Она возила ногтями по столешнице, покрытой изрезанной клеенкой. Смерти предшествует агония, подумалось Олегу. Еще две секунды назад он мог отойти от стены и сделать то, что спасло бы ей жизнь, но не двинулся с места. Хотел, но ничего не сделал.

«Олег!» С тем, что приходит во сне, невозможно бороться. Остается только наблюдать.

Наступила тишина. Он почувствовал себя обманутым, ведь надеялся, что ее смерть будет безболезненной. Судя по всему, она осознавала происходящее до того момента, когда мозг отключился навсегда и сердце остановилось. Теперь ее тело стало грудой мяса и костей, постепенно остывающей плотью, предназначенной для того, чтобы ее бросили в землю.

Тишина в квартире. Не было слышно даже, как тикают часы на стене. «Олег!» Он скривился, скорчил гримасу. От висков по щекам стекал пот. Звук щелкающих суставов отчасти вернул его в сознание. Сколько он простоял здесь? Самое большее полминуты. Сколько времени надо человеку, умирающему от асфиксии? Во сне не было ответа на этот вопрос…

За стенкой находится мертвая женщина, которая сегодня утром проснулась рядом с ним, ни о чем не подозревая. Ему было известно, когда нужно выйти и спрятаться на кухне. Он так и поступил. Текли минуты. Стал слышен ход часов. Каждое движение стрелки по циферблату точно вбивало в его мочевой пузырь очередную иголку.

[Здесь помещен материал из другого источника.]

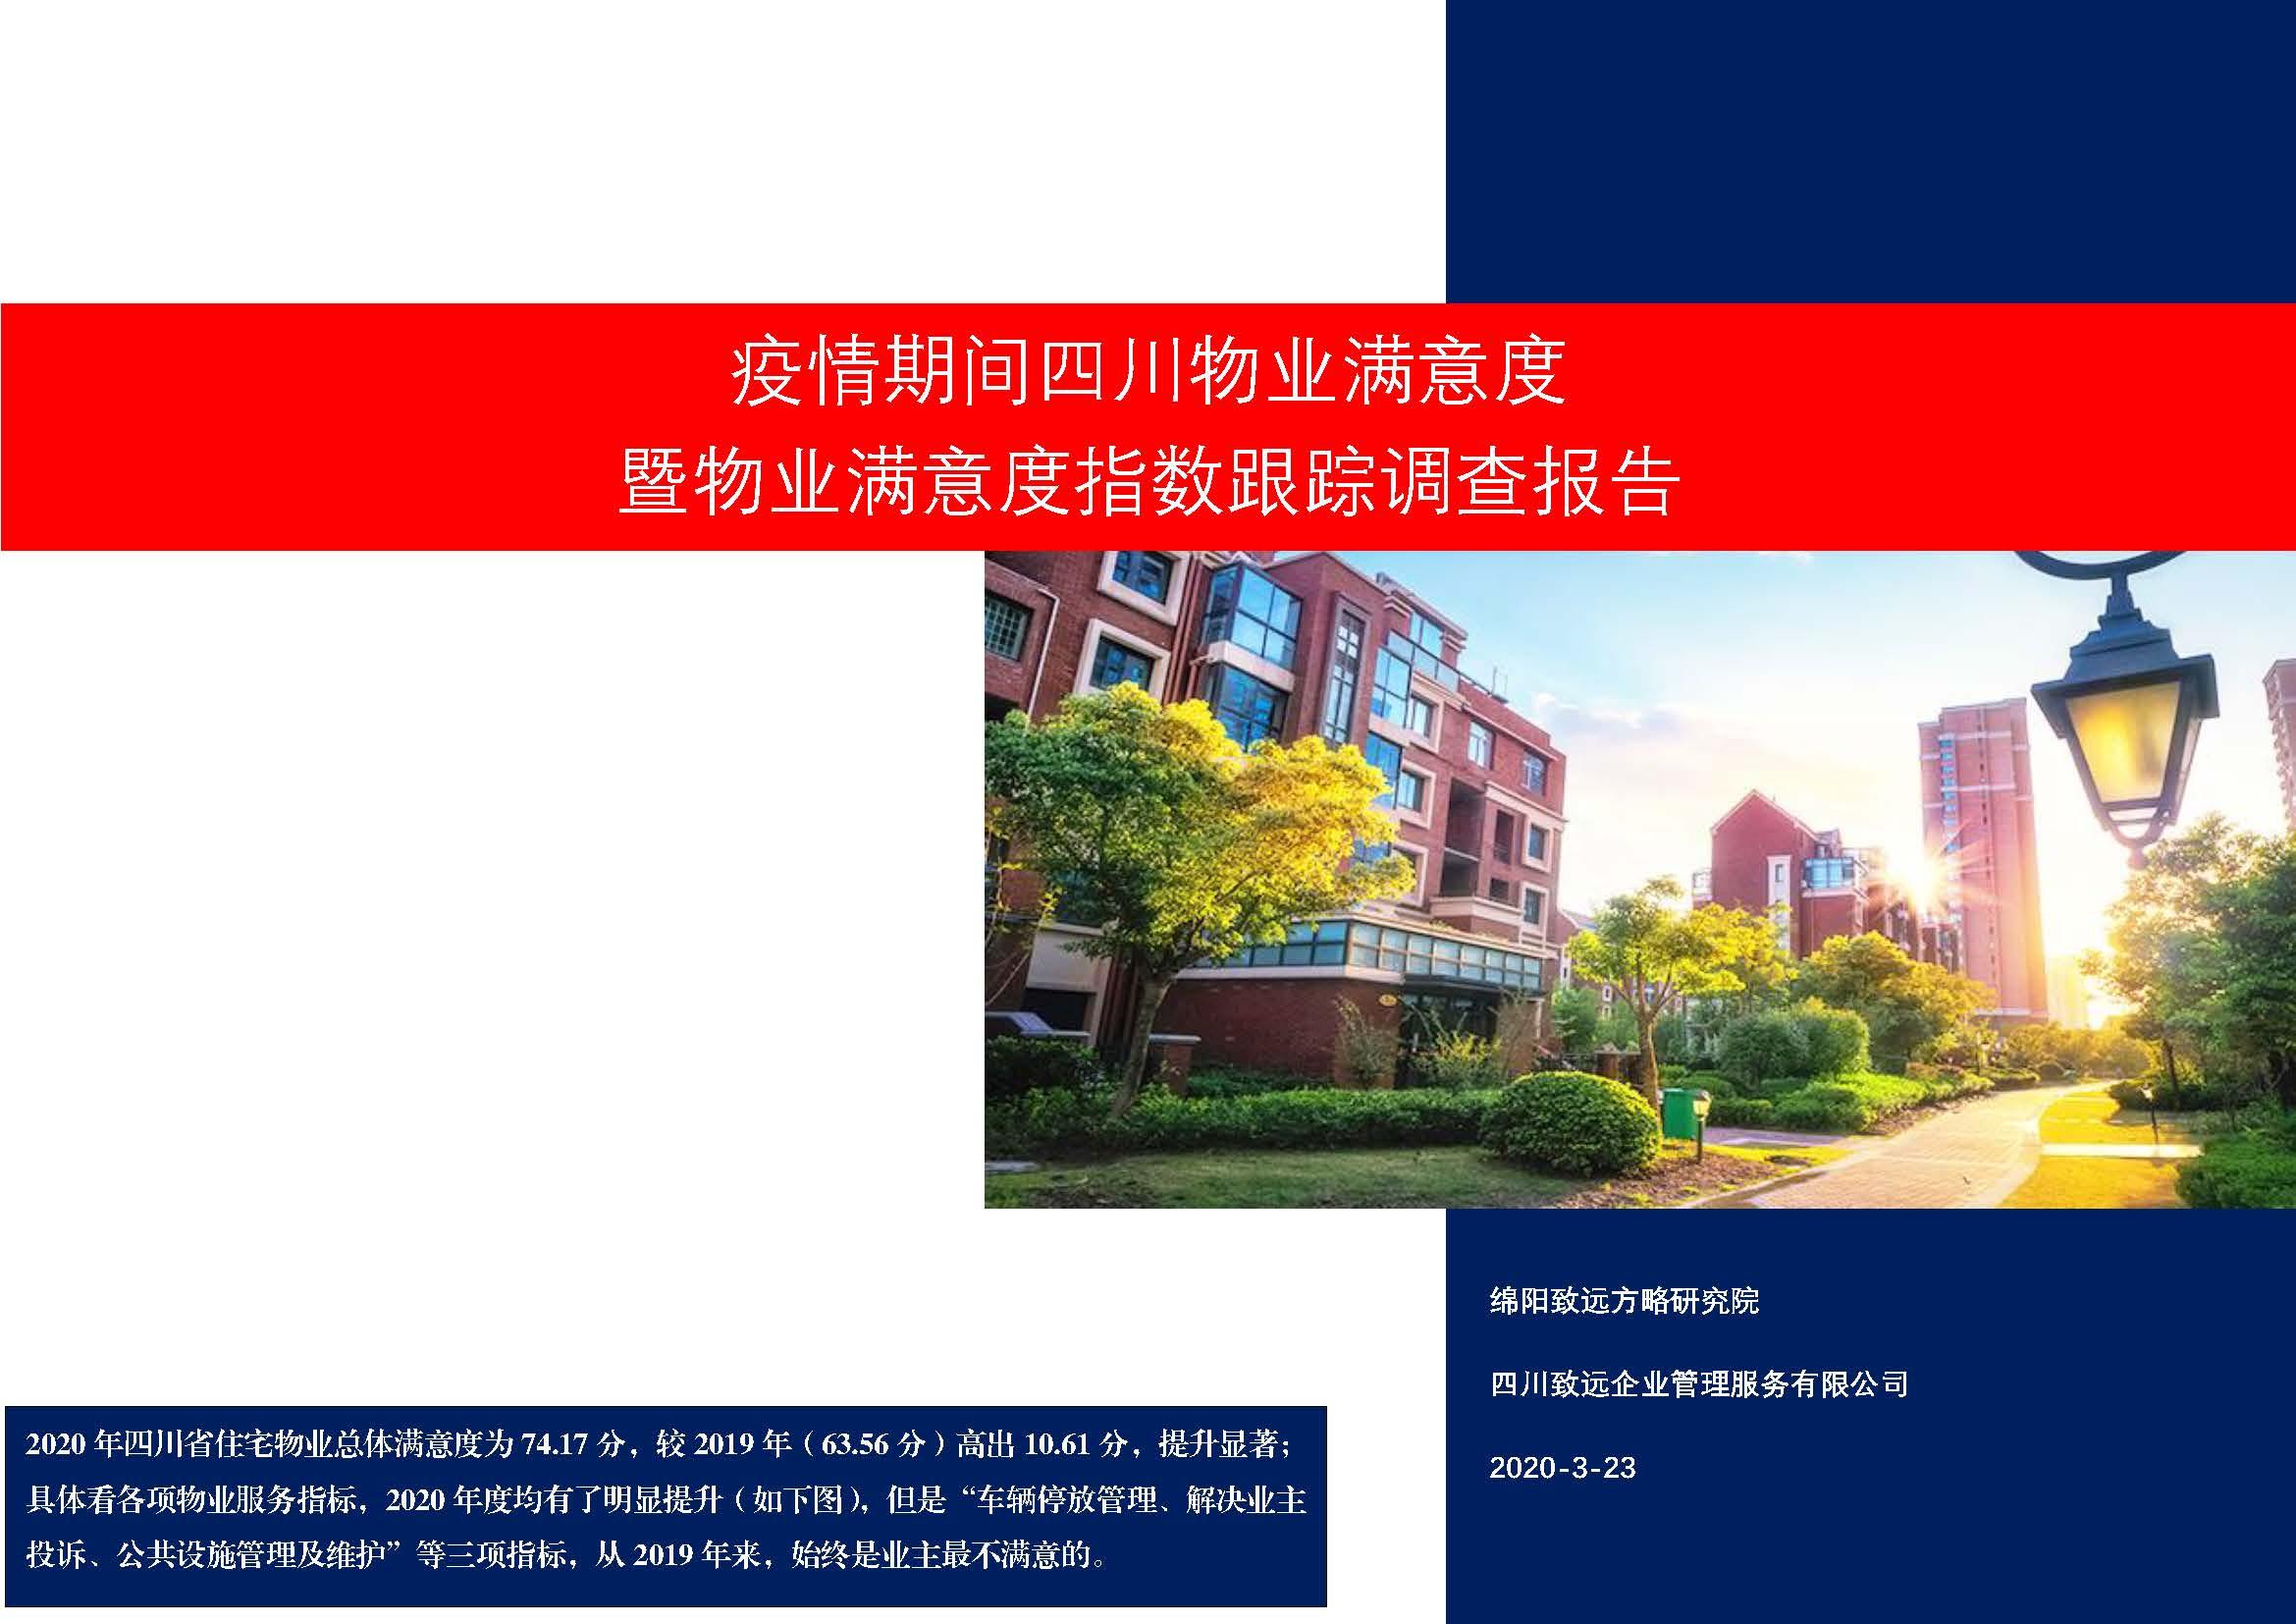 新建文件夹-2020疫情期间四川物业满意度暨物业满意度指数跟踪调查报告_页面_1

Он постоял еще немного. Потом решил, что необходимо выйти. Невозможно стоять здесь вечно. Она мертва, и у него появились перед ней новые обязанности, которыми нельзя пренебречь.

Он вышел из кухни, ступая на цыпочках, и заглянул в комнату. Сидя друг напротив друга они завтракали здесь пять минут назад. В алюминиевой миске лежала вареная курица, целая. Когда она занялась ею, он съел свой кусок мяса и удовлетворился им. А она любила курицу, но, казалось, ест ее только для того, чтобы добраться до костей и начать разгрызать их.

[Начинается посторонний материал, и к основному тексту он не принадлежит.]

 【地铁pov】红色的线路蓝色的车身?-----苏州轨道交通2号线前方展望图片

Олег смотрел, как его невеста, покончив с гарниром, начала раздирать куриную тушку. Жирные пальцы отделяли мясо от костей. Профессионально. Он знал, что эти пальцы действительно были ловкими, а иногда и жестокими.

Тело оставалось сидеть на стуле. Голова лежала на столе, возле тарелки с остатками риса, грудь упиралась в край столешницы. Он помедлил и шагнул ближе, замечая другие подробности. Хотелось в туалет, но он знал, что ему нельзя уйти, не посмотрев. Миска лежит справа от стола, перевернувшись, курица – мясо, жилы, кожа, хрящи – рассыпалась веером, бульон, скопившийся на дне миски, оставил на линолеуме корявый рисунок. Возле лица мертвой – осколки куриной кости. Их крошечный фрагмент попал ей в горло, и теперь его невеста мертва. Всего-то и надо было, что есть помедленней.

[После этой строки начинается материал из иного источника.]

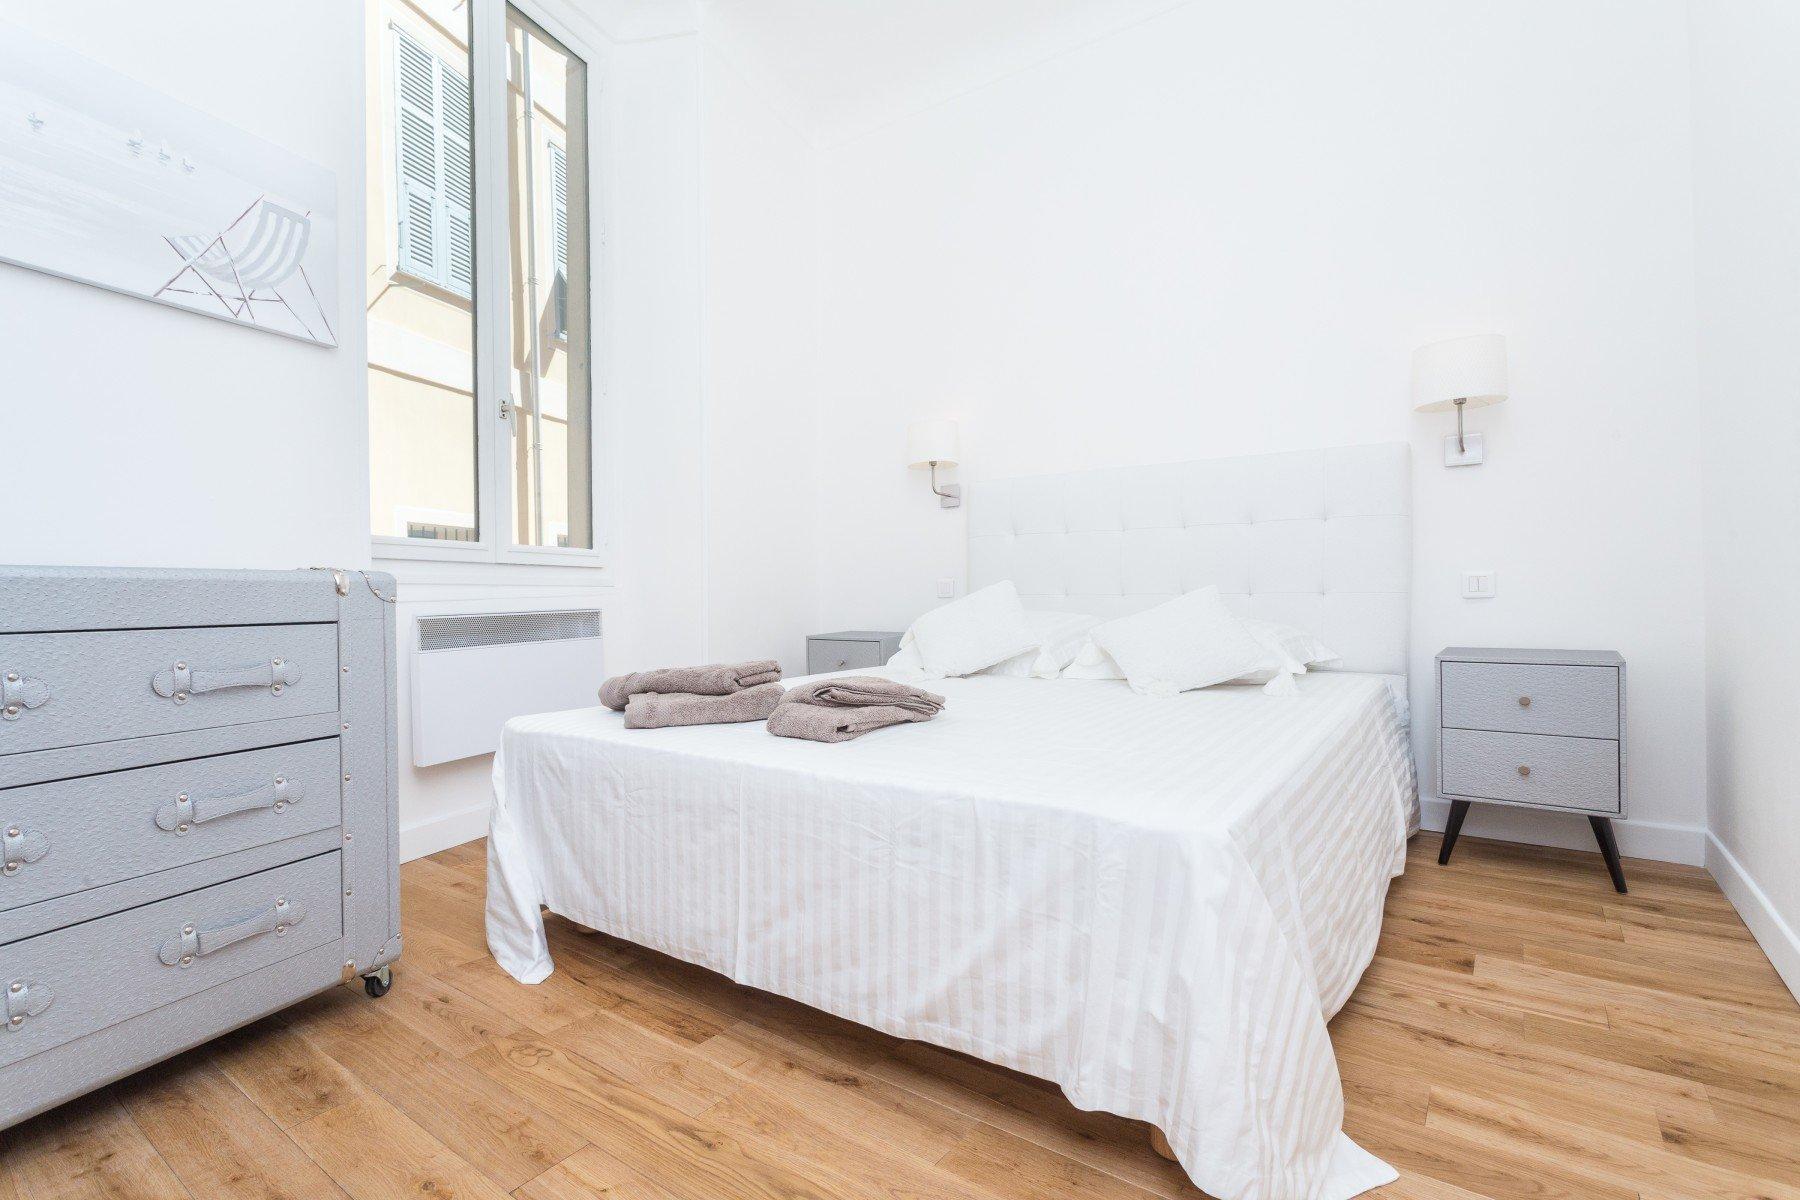 Appartement 3 pièces - Vieux nice

Она не спешила на работу, просто питала страсть к мозгу внутри куриных косточек. А теперь мертва. Синее лицо, высунутый язык. Его кончик касается клеенки.

Олег стоял, опустив руки по швам, и смотрел, околдованный этим зрелищем. Его взгляд приковало не столько лицо и полуоткрытые глаза, сколько босые ноги. Пока она боролась за жизнь, ее тапочки с задниками слетели с ног. Слетели и легли крест накрест. «Олег!» Нет, она не может говорить. Он поднял руки, прижал их ненадолго к ушам. Никто здесь не произносил его имени.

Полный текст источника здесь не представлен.